Greil Marcus’ 1975 Mystery Train is the book of criticism most important to me as an American (and one of the most important to me as a writer). It was Marcus’ inspiration to write of rock ‘n’ roll not as rebel music but as art deep in the American tradition. And so the book said to those of us whose lives were bound up with rock ‘n’ roll that we too were part of America. I’ve taught the book on and off over the last fifteen years and never came close to feeling I’ve gotten anywhere near the heart of it. It’s a book that has become more difficult to teach—because college students can no longer be counted on to grapple with a difficult text or to engage in research that puts in context events that happened before they were born. And in teaching the chapter on Elvis, the book’s finest and still the deepest critical writing done on Elvis, we are now, as I was reminded a few weeks back, dealing with the fantasy notion of cultural appropriation, which dresses itself in the beleaguered rags of imperialist absorption but which is really an essentially fascist ideology, positing that culture is a pure thing not to be sullied by, and incapable of being understood by, whoever self-appointed cultural gatekeepers brand the outsider.

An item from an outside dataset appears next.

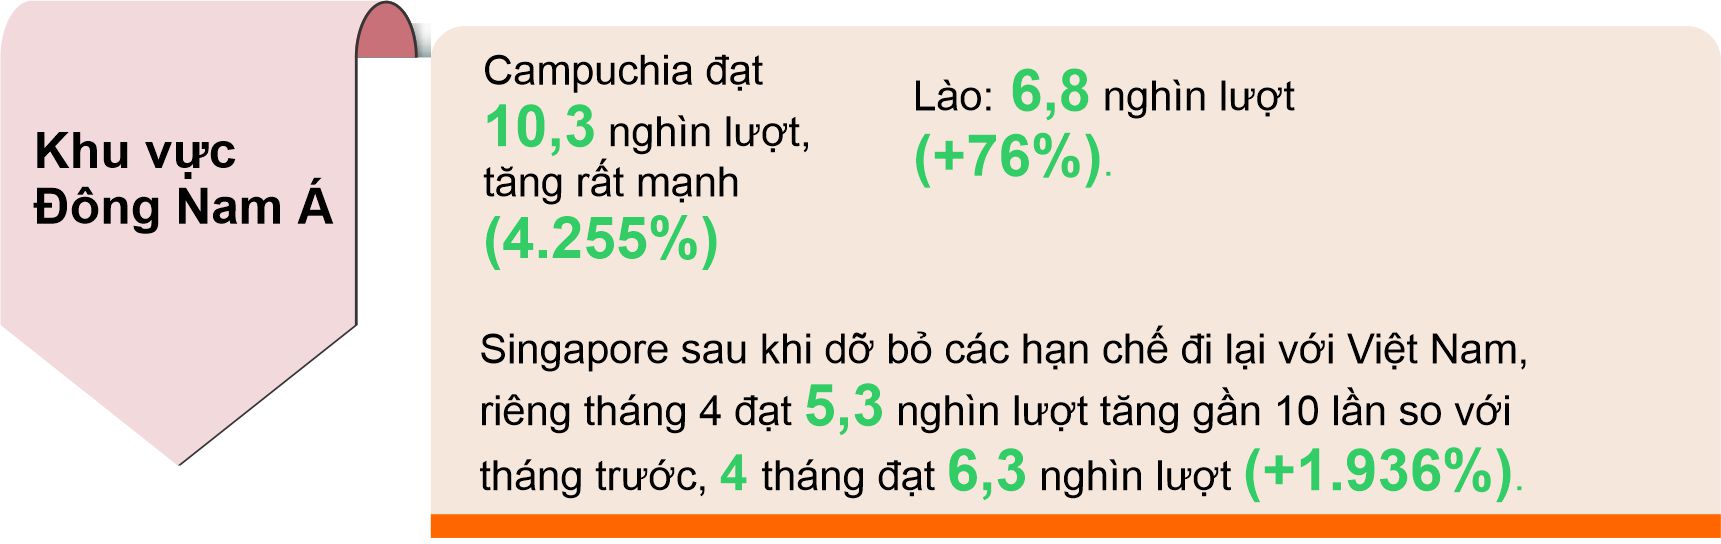 4 tháng đầu năm khách quốc tế đến Việt Nam tăng 284,7% so với cùng kỳ - Ảnh 5.

What follows is nothing close to a finished essay but lecture notes in which I attempted to lay out for my students the major lines of thought in this dense and brilliant book. The ideas explicated here belong to Greil Marcus. What I hope these notes convey is a fan’s ardor for a volume and a man that has imparted coast-to-coast breadth, and valley-deep emotion.

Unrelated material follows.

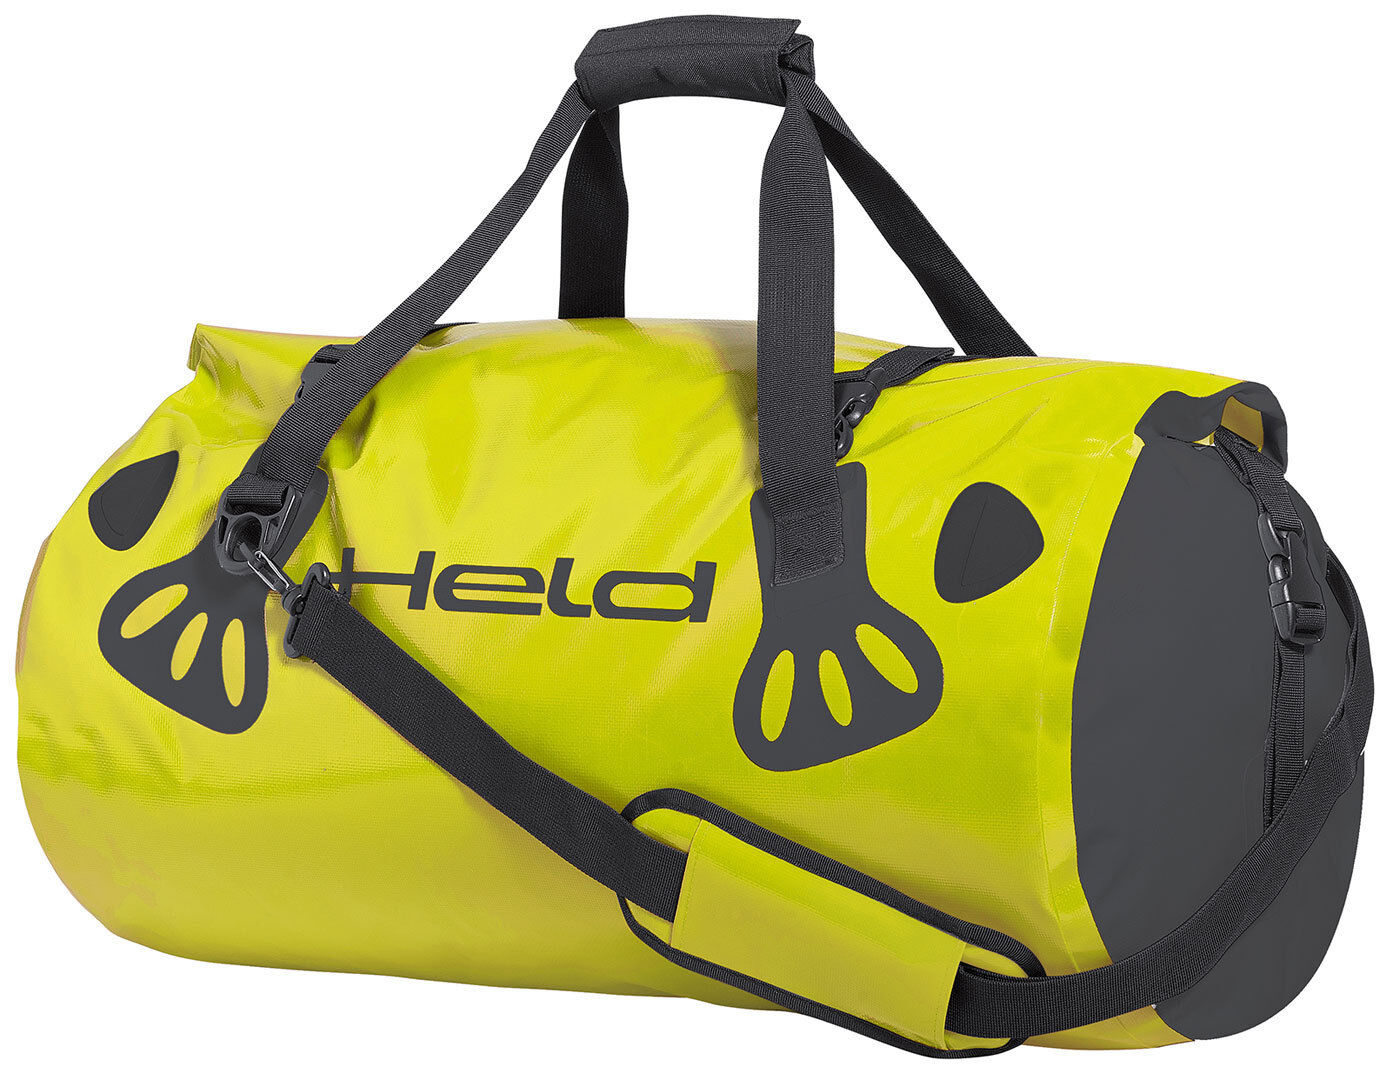 Held Carry-Bag Sacchetto dei bagagli Nero Giallo 51-60l

“NEVER IN THE HISTORY OF ART!!!”
The cry of Little Richard, angling to take over the Dick Cavett show from a pissing content between John Simon and Erich Segal and, as Greil Marcus points out, the words of the only person on the panel qualified to talk about art. Let’s take a minute to consider Richard’s words. Speaking about himself—and really, when is Little Richard not speaking about himself?—he’s quite right. Who had ever heard of the likes of Little Richard? “The Georgia Peach,” as he was called, which was a polite way of saying here was a great flaming queen of a performer who combined coyness, flamboyance, and the urgency of the gospel for which he would later abandon rock ‘n’ roll. (And never quite give it up. Interviewed in the ‘70s by Rolling Stone and asked the simple question, “Richard, how did you come to write ‘Long Tall Sally’?” he began his response with, “Mah Lord! Mah Lord! Mah Lord! Come hear the GOOD News!!!”) Had popular music ever contained a family story like the one told in “Good Golly, Miss Molly”? “Mama, Papa told me son, you gotta watch your step/If they knew about Miss Molly I’d have to watch Pa myself”: “If my daddy saw the high-stepping whore I’m keeping company with, the old man would take a crack at her himself.” That’s what those lines mean.

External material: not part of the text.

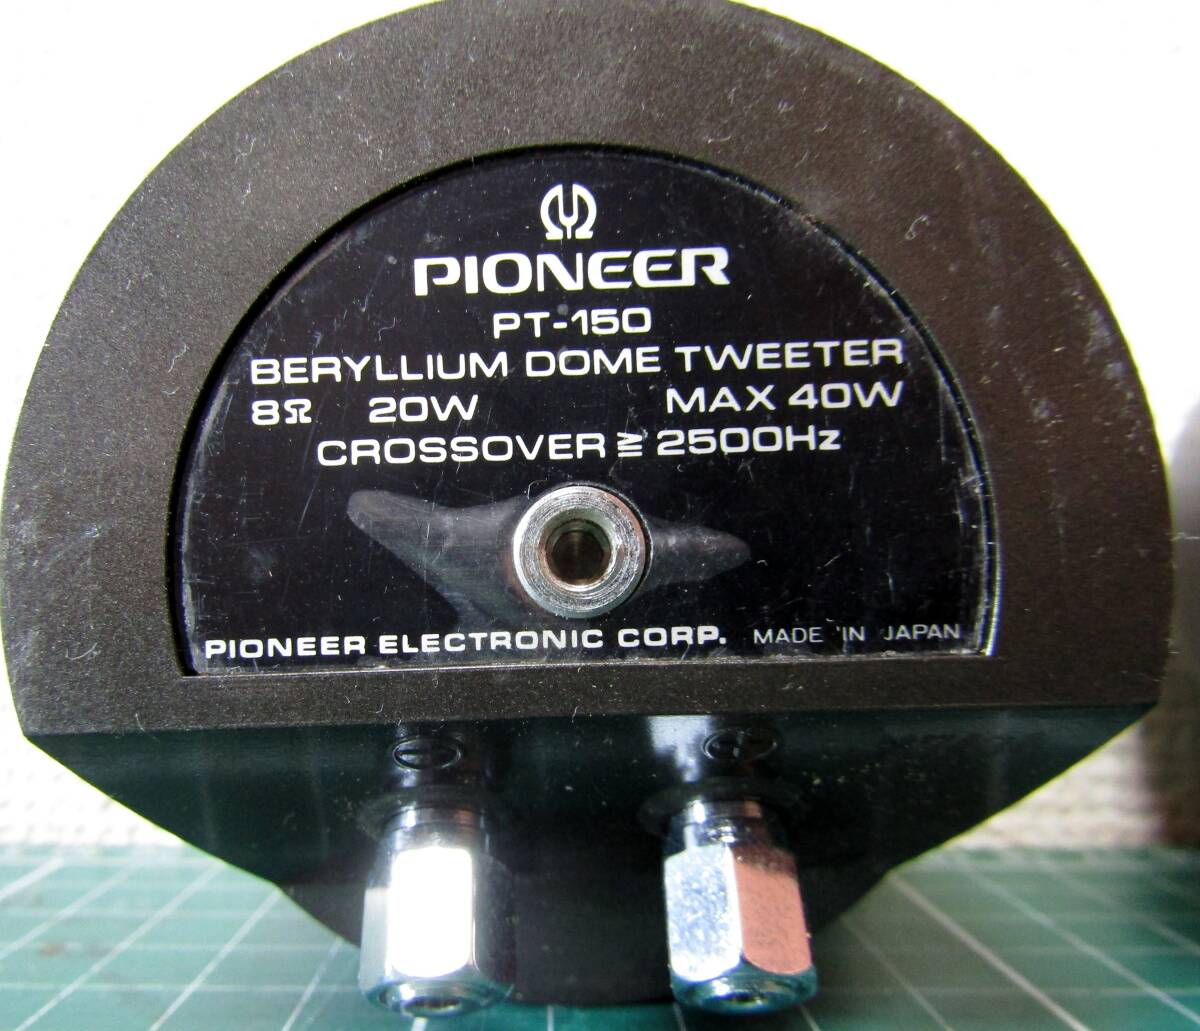 PIONEER Pioneer PT-150beliliumtui-ta- operation goods Tweeter tweeter tweeter

And they are wonderful. They are also just the sort of thing that, ever since rock ‘n’ roll appeared, has never stopped being used to declare it the province of degenerates, morons, deviants, troublemakers, thugs. You know the old saw: rock and roll is rebel music, yadda, yadda, yadda. “What’re you rebelling against, Johnny” a girl asks the biker played by Marlon Brando in The Wild One and Brando replies, “whaddya got?”